Thanks for everything hero :)

Answer 80

yw

Answer 81

How do i find the range of this function again?

Answer 82

By testing values from the domain. Start with the lowest extreme value (x = -1). That will give you the lowest extreme value of the range. I have a question for you. What is the Upper extreme value of the domain?

Answer 83

Idk what upper extreme value is...

Answer 84

Tell me in simple words plz

Answer 85

If the domain of the function is \(x \ge -1\) what is the highest possible value of \(x\). What I'm trying to get from you is "What are the upper and lower limit values of the x axis?
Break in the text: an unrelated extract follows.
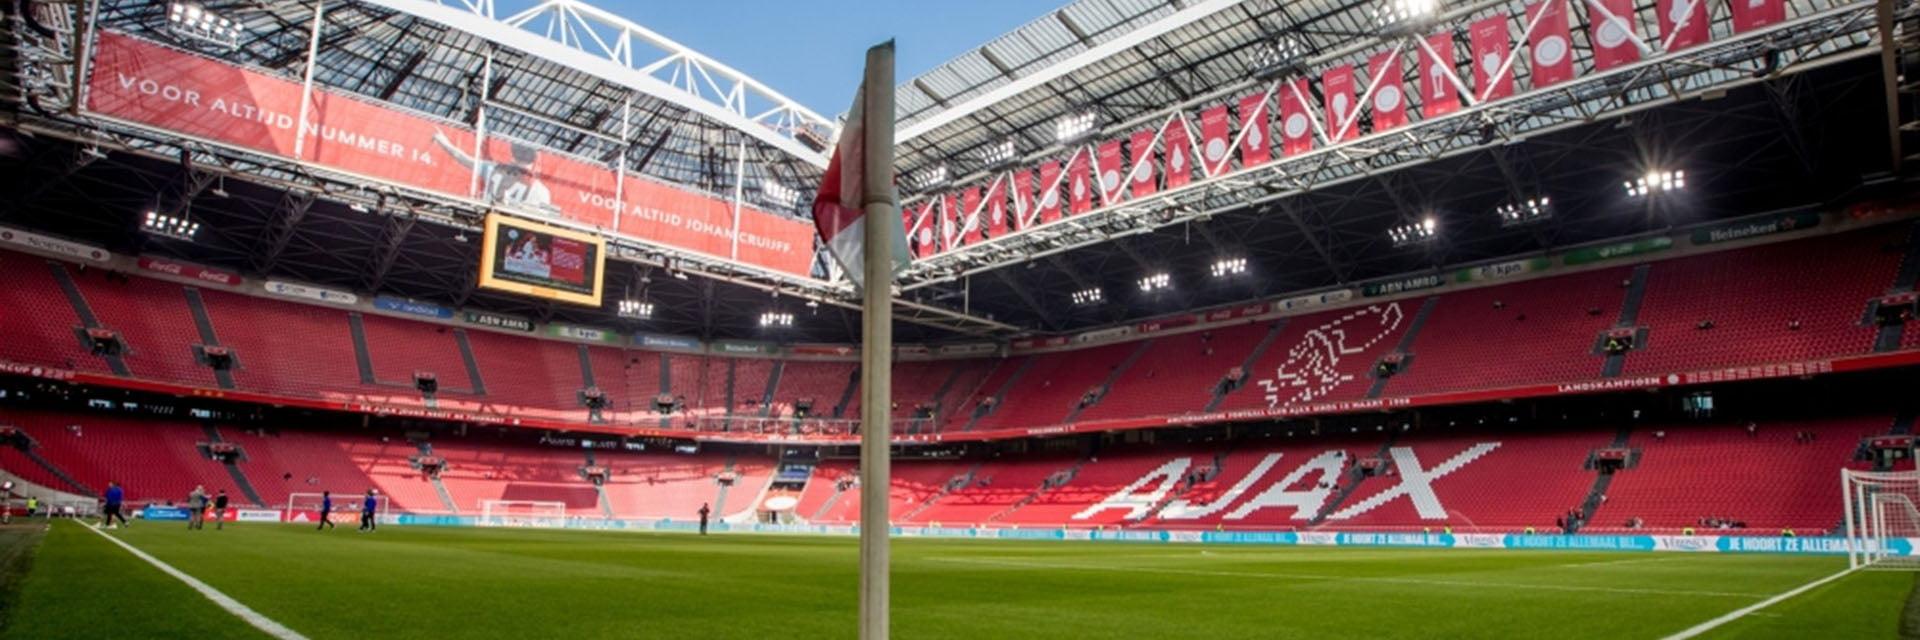 AFC Ajax - Sporting CP, 2 Decemberat 21:00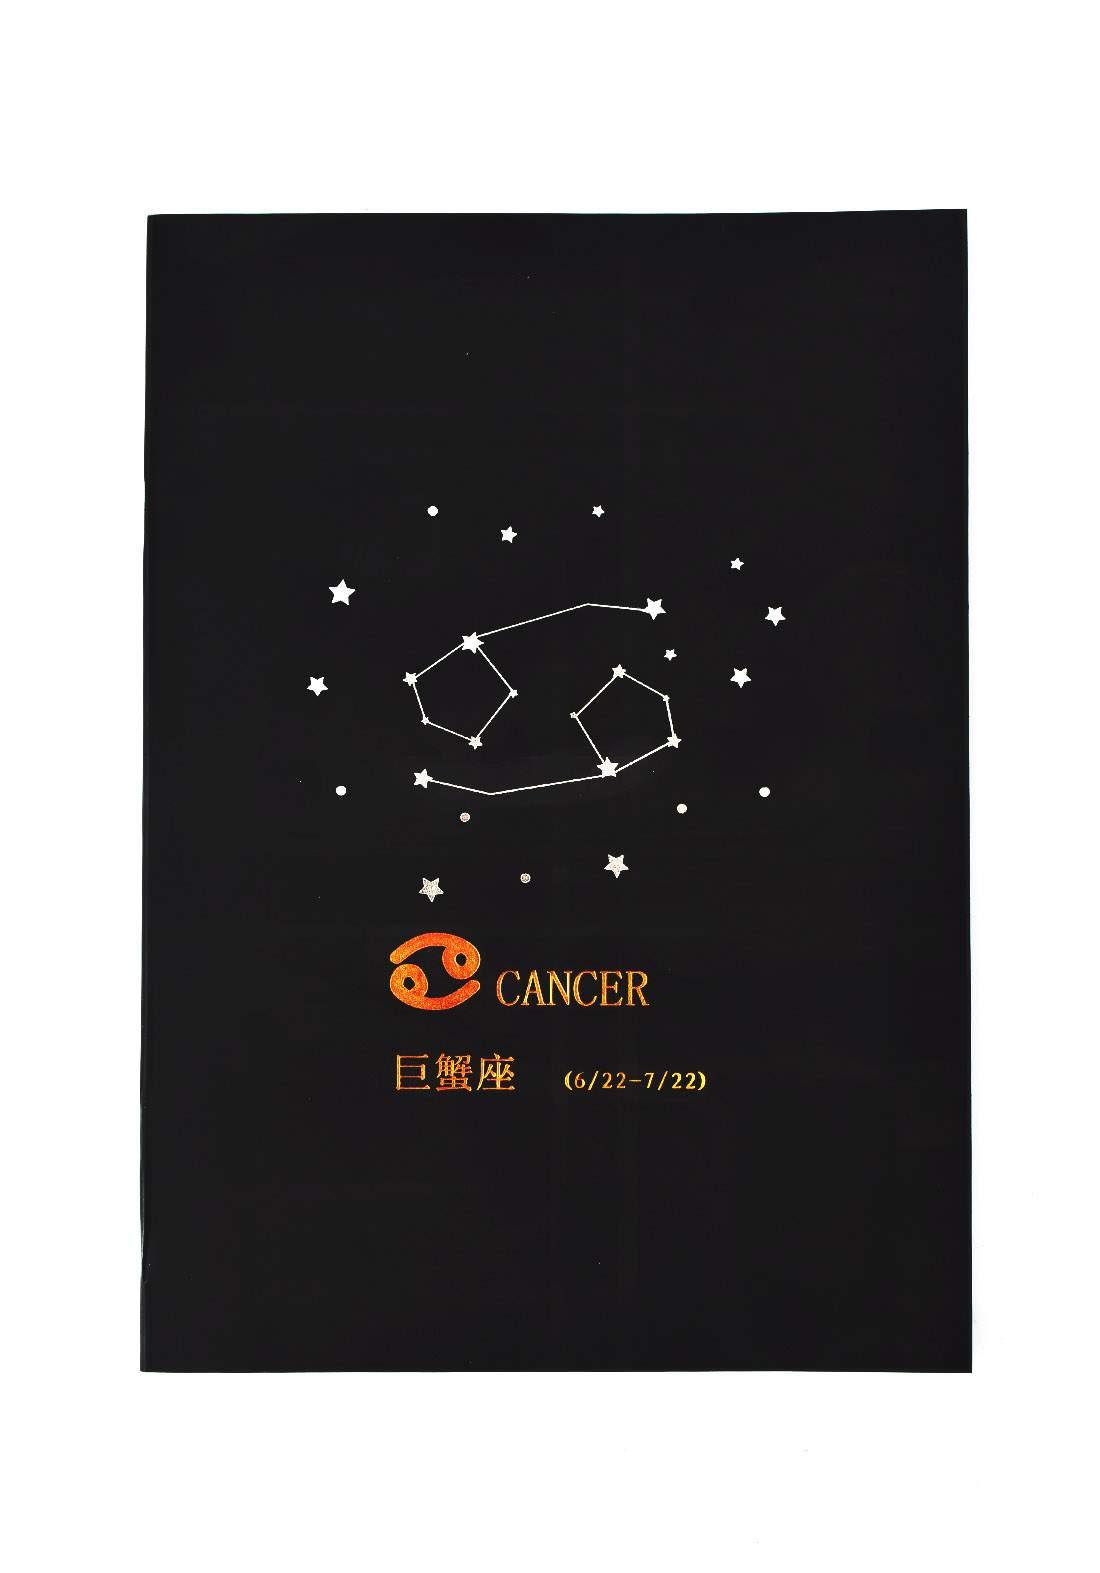 Big Black Drawing Book 24 Sheets-Cancer دفتر رسم اسود كبير بطبعة برج السرطان

What is the lowest possible value of x. What is the highest possible value of x?

Answer 86

If x = -1 is the lowest extreme value, the highest could be any positive integer...

Answer 87

The upper extreme of the domain is positive infinity.

Answer 88

That’s what i was thinking but was too shy to say...

Answer 89

Cuz there’s no limit to the function ....it can go as high as it wants

Answer 90

And now you need to plot a few points to determine the direction of the graph.

Answer 91

Is the graph trending upwards or downwards?

Answer 92

Aaaa it doesn’t ask me to graph but it should go up...

Answer 93

As high as it wants to go... all the way to positive infinite

Answer 94

Let's back track for a minute. Did you find y when x = -1?

Answer 95

Whatever that y value is, that is the low end of the range.

Answer 96

The upper limit of the range is obviously infinity

Answer 97

Yes i did...it was 0

Answer 98

Okay great so the domain is \([-1,\infty)\) and the range is \([0, \infty)\)

Answer 99

Ah icy

Answer 100

So basically, when determining the range, you need to know three things: The direction of the graph, The lowest possible value of the range, the highest possible value of the range. You get those values by evaluating the function using the extreme values of the domain.

Answer 101

So there you go. The easy way to find the range.

Answer 102

Hope you're happy now.

Answer 103

Nevertheless, this method only works if the graph is continuous.

Answer 104

Thanks hero. :) you’re my avengers of maths :)

Answer 105

If there are any restrictions on x, then there will be more work involved because you have to account for asymptotes and such.

Answer 106

Yuhh...thank god i didnt have that for this question...

Answer 107

In this case the domain did have a restriction, but it is continuous on the domain \([1, \infty)\)

Answer 108

However, if it was not, you'd have to find the vertical asymptote and and exclude that value from the domain.

Answer 109

As for the domain, can i say like x has to be equal or bigger than -1?

Answer 110

I’ll keep that in mind :)

Answer 111

\(x \ge -1\) means the same thing as \([-1, \infty)\) Both are describing the domain.

Answer 112

Okie dokie

Answer 113

Okay, I'm not coming back until midnight. I was just taking a break.

Answer 114

Okay, thanks hero :)